Here C(a) means the transformation of the variable into categorical, and -1 - exclude the output of the interception column.

+3

elyase Aug 2 '13 at 14:37

source share

Combining several other comments into one answer, answering OPs questions.

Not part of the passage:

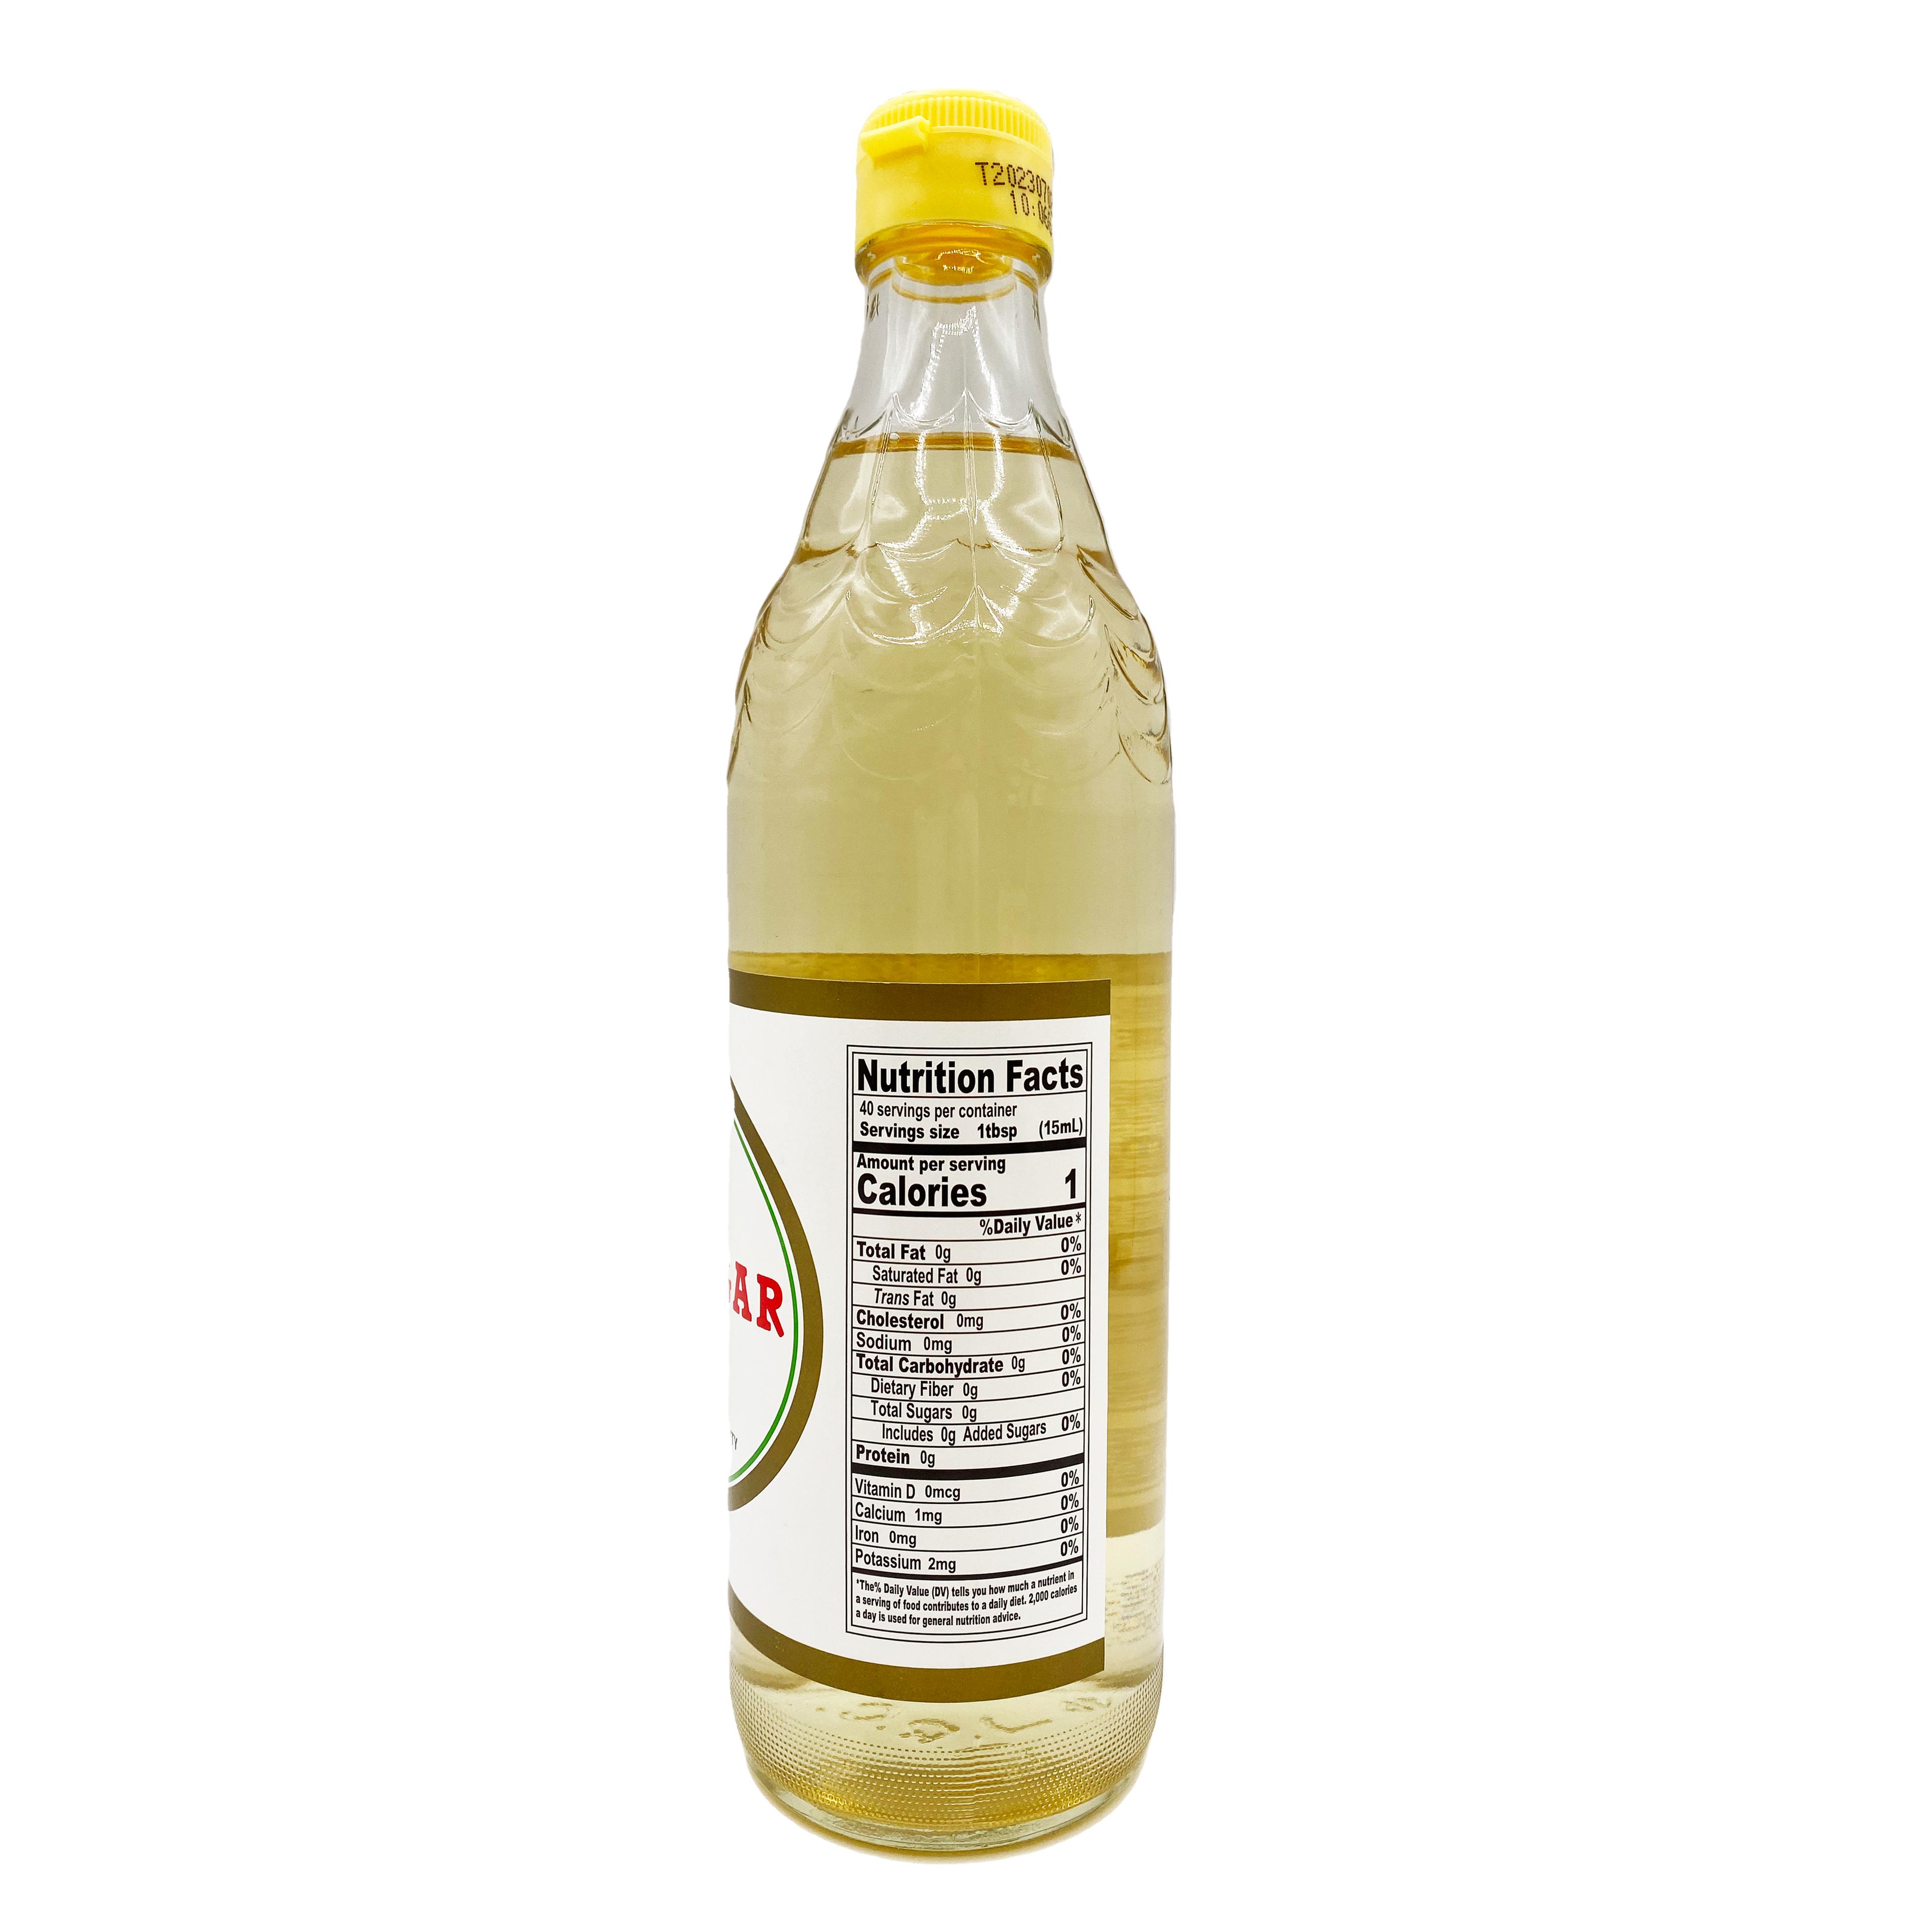 medium kong yen glutinous rice vinegar 202 fl oz 9ENrfpQAa4

 d = {'a' : pd.Series(['one', 'two', 'two', 'three', 'one', 'two']), 'b' : pd.Series([0.2, 0.4, 0.9, 0.1, 0.0, 0.2]), 'c' : pd.Series([0, 1, 0, 2, 4, 5]) } data = pd.DataFrame(d) a_cols = pd.crosstab(data.index, [data.a]) b_bins = pd.cut(data.b, [0.0, 0.2, 0.4, 0.6, 0.8, 1.0], right=False) b_cols = pd.crosstab(data.index, b_bins) c_cols = pd.crosstab(data.index, [data.c], ) new_data = a_cols.join(b_cols).join(c_cols) new_data.index.names = [''] print new_data.to_string() """ one three two [0, 0.2) [0.2, 0.4) [0.4, 0.6) [0.8, 1) 0 1 2 4 5 0 1 0 0 0 1 0 0 1 0 0 0 0 1 0 0 1 0 0 1 0 0 1 0 0 0 2 0 0 1 0 0 0 1 1 0 0 0 0 3 0 1 0 1 0 0 0 0 0 1 0 0 4 1 0 0 1 0 0 0 0 0 0 1 0 5 0 0 1 0 1 0 0 0 0 0 0 1 """

+1

Tim Jul 05 '13 at 4:40

source share

lbolla · Accepted Answer · 2012-05-29T08:13:14+0000

You can use some kind of broadcast:

  In [58]: df Out[58]: abc 0 one 0.2 0 1 two 0.4 1 2 two 0.9 0 3 three 0.1 2 4 one 0.0 4 5 two 0.2 5 In [41]: (df.a.values[:,numpy.newaxis] == df.a.unique()).astype(int) Out[41]: array([[1, 0, 0], [0, 1, 0], [0, 1, 0], [0, 0, 1], [1, 0, 0], [0, 1, 0]]) In [54]: ((0 <= df.b.values[:,numpy.newaxis]) & (df.b.values[:,numpy.newaxis] < 0.2)).astype(int) Out[54]: array([[0], [0], [0], [1], [1], [0]]) In [59]: (df.c.values[:,numpy.newaxis] == df.c.unique()).astype(int) Out[59]: array([[1, 0, 0, 0, 0], [0, 1, 0, 0, 0], [1, 0, 0, 0, 0], [0, 0, 1, 0, 0], [0, 0, 0, 1, 0], [0, 0, 0, 0, 1]])

Then attach all the parts together with pandas.concat or similar.

How to discretize values ​​in pandas DataFrame and convert to binary matrix?

More articles:

How to discretize values in pandas DataFrame and convert to binary matrix?